4. La condition d'urgence à laquelle est subordonné le prononcé d'une mesure de suspension doit être regardée comme remplie lorsque la décision contestée préjudicie de manière suffisamment grave et immédiate à un intérêt public, à la situation du requérant ou aux intérêts qu'il entend défendre. Il appartient ainsi au juge des référés, saisi d'une demande tendant à la suspension d'une telle décision, d'apprécier concrètement, compte tenu des justifications fournies par le requérant, si les effets de celle-ci sur la situation de ce dernier ou le cas échéant, des personnes concernées, sont de nature à caractériser une urgence justifiant que, sans attendre le jugement de la requête au fond, l'exécution de la décision soit suspendue. Enfin, l'urgence doit être appréciée objectivement compte tenu de l'ensemble des circonstances de l'affaire.

5. S'il n'est pas contesté que M. B ne dispose d'aucune ressource et n'a pas d'hébergement, le préfet de police soutient qu'il s'est lui-même placé dans la situation d'urgence qu'il invoque en ne respectant pas les exigences des autorités chargées de l'asile lors de l'exécution de son transfert le 28 octobre 2021 à destination de la Bulgarie, Etat membre responsable de l'examen de sa demande d'asile. Toutefois, il résulte de l'instruction que

M. B a présenté une nouvelle demande d'asile en France, enregistrée au guichet unique le 19 décembre 2022, placée en procédure accélérée. Dès lors, la circonstance que M. B n'a pas respecté ses obligations dans le cadre de la procédure Dublin antérieure est sans incidence sur la nouvelle procédure et il ne doit pas être regardé comme s'étant délibérément placé dans une situation d'urgence. Dans ces conditions, la décision attaquée qui refuse le rétablissement de ses conditions matérielles d'accueil préjudicie de manière suffisamment grave et immédiate à sa situation.
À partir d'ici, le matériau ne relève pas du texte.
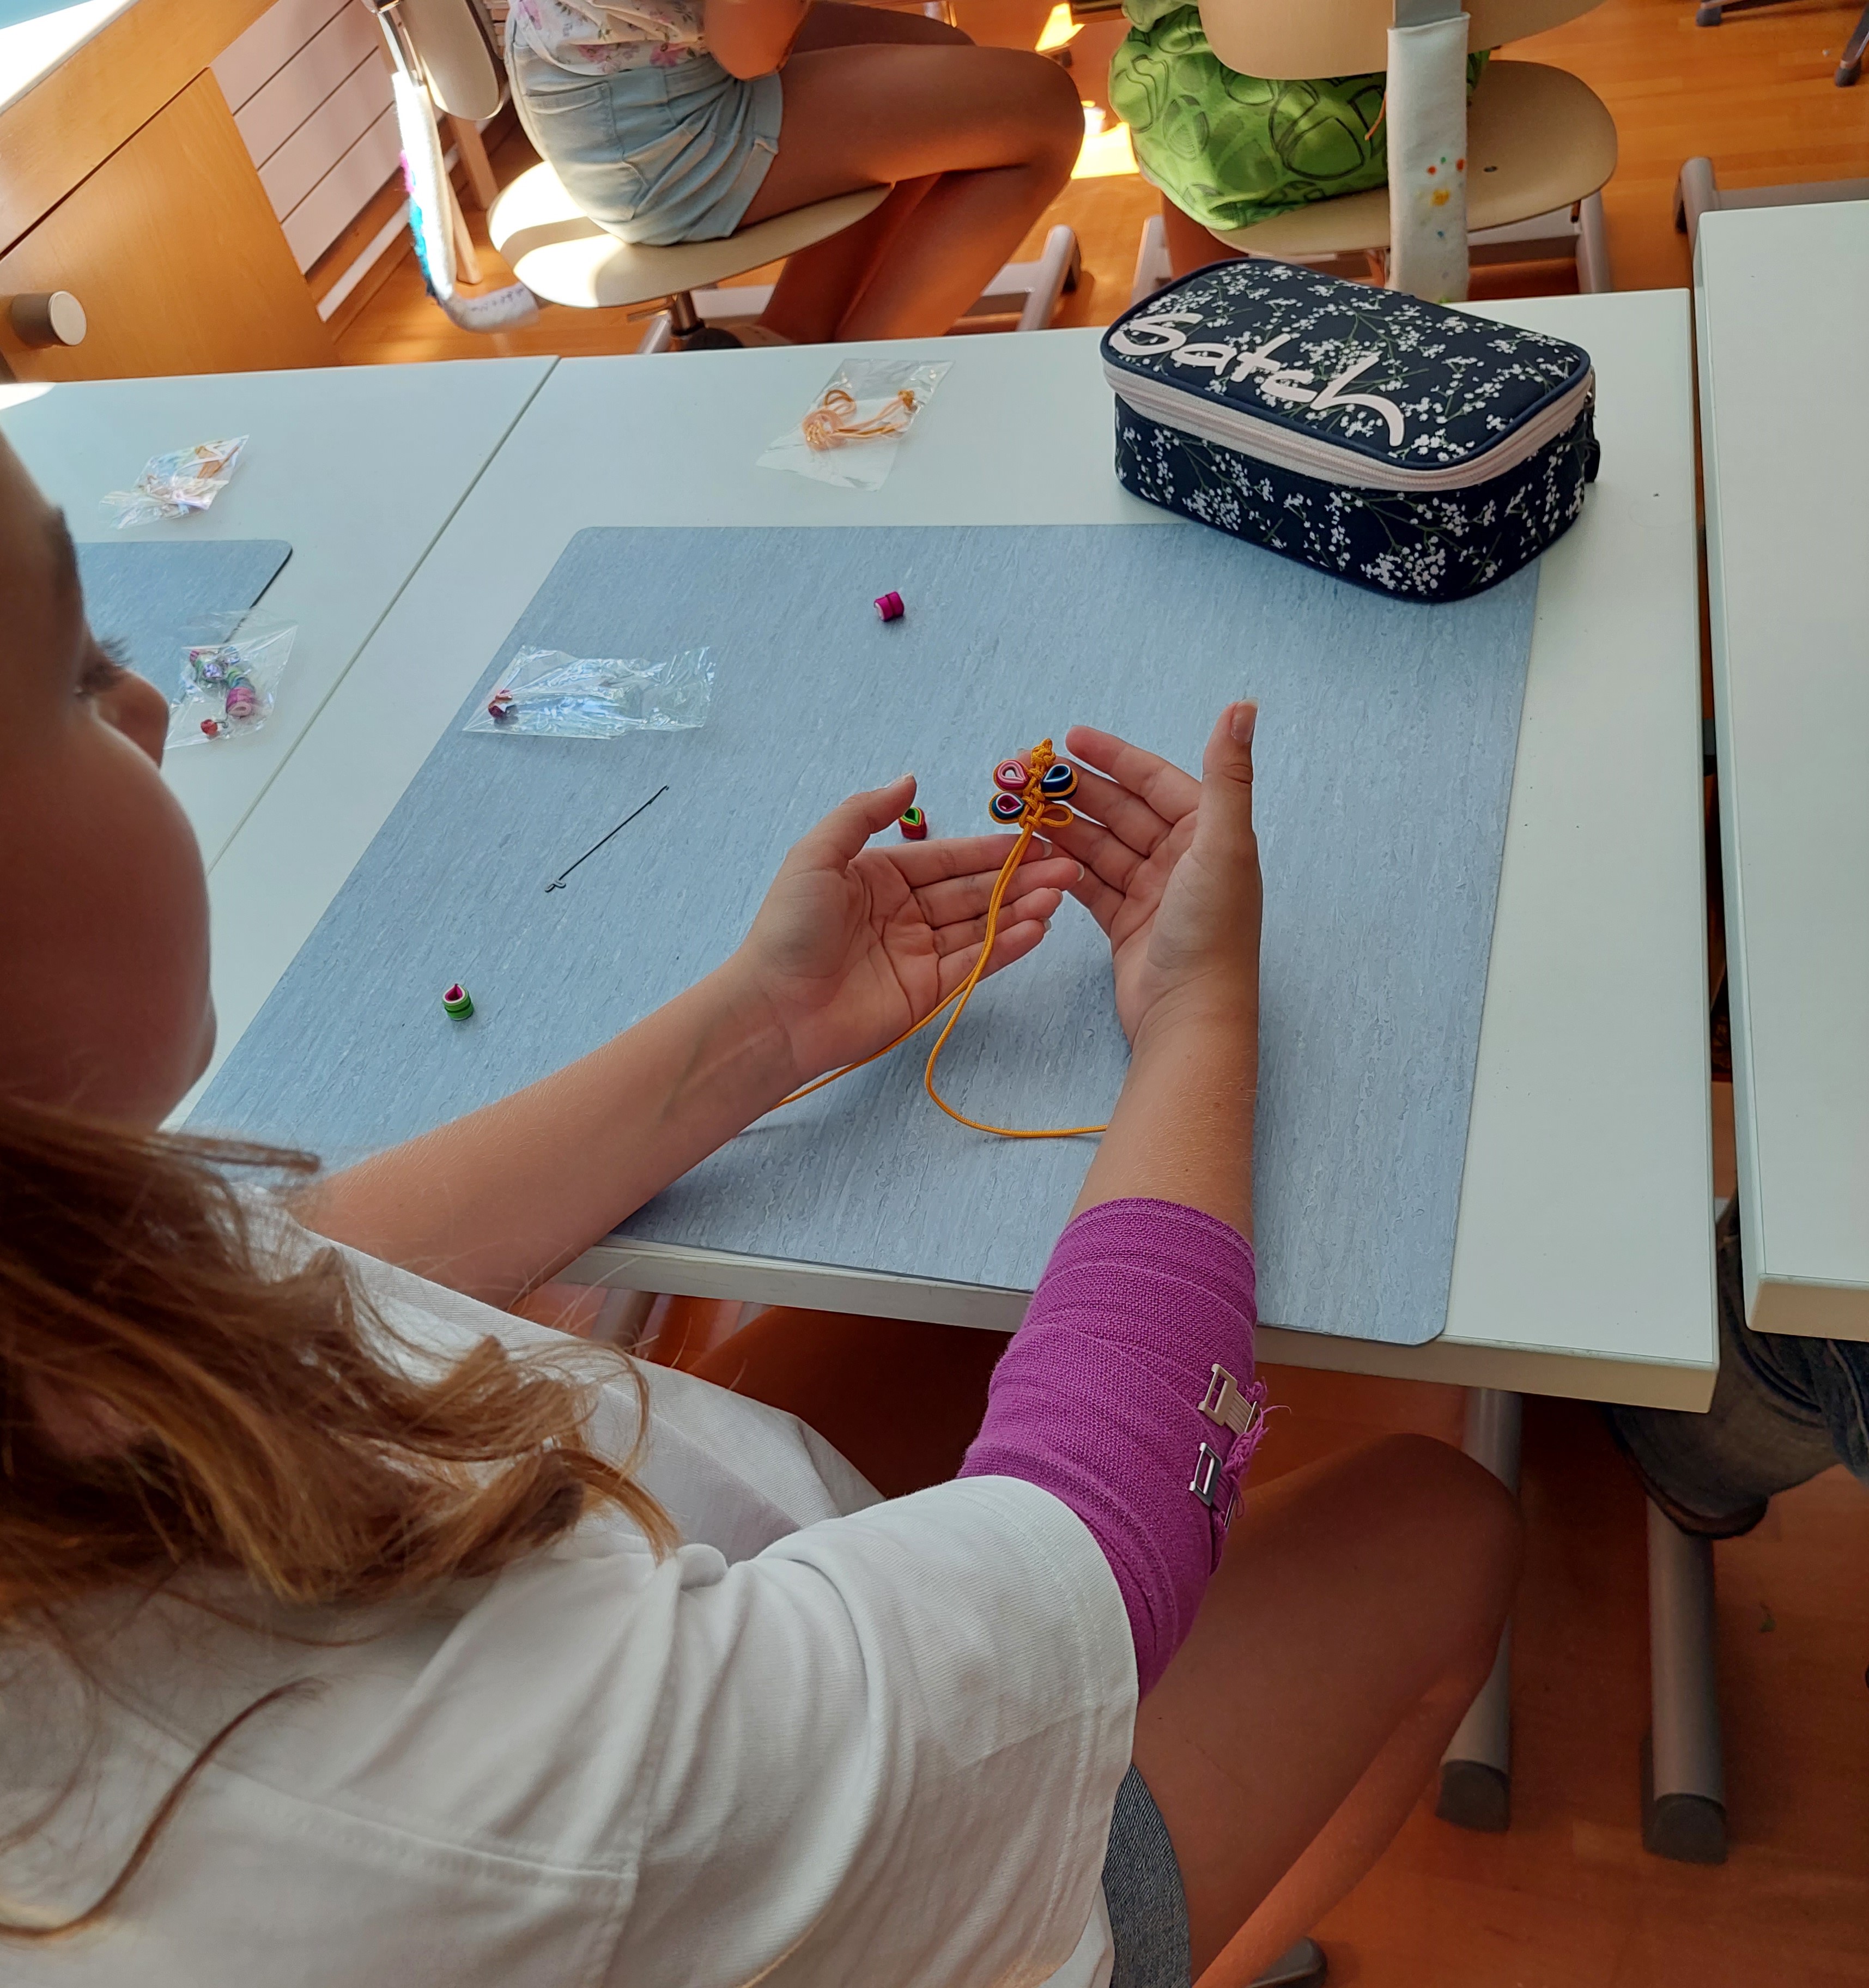 < 스위스 감스회플리초등학교에서 선보인 '매듭공예 수업' - 출처: 통신원 촬영 >

Il résulte que ce qui précède que la condition d'urgence est remplie.

En ce qui concerne le doute sérieux quant à la légalité de la décision attaquée :

6. Il ressort des pièces du dossier que M. B a présenté une nouvelle demande d'asile enregistrée au guichet unique le 19 décembre 2022, placée en procédure accélérée. En lui refusant le bénéfice des conditions matérielles d'accueil le 13 avril 2023, l'OFII a commis une erreur dans l'examen de sa situation dès lors qu'elle n'a pas tenu compte du fait que les autorités françaises étaient devenues responsables de l'examen de sa demande d'asile. Par suite, le moyen tiré du défaut d'examen particulier est de nature, en l'état de l'instruction, à faire naître un doute sérieux quant à la légalité de la décision attaquée.

Sur les conclusions à fins d'injonction :

7. La présente ordonnance de suspension implique, eu égard au moyen retenu comme sérieux, que M. B soit provisoirement rétabli au bénéfice des conditions matérielles d'accueil. Il y a donc lieu d'enjoindre à l'OFII cette mesure provisoire dans un délai d'une semaine à compter de la notification de la présente ordonnance, sans qu'il soit besoin, dans les circonstances de l'espèce, d'assortir cette injonction d'une astreinte.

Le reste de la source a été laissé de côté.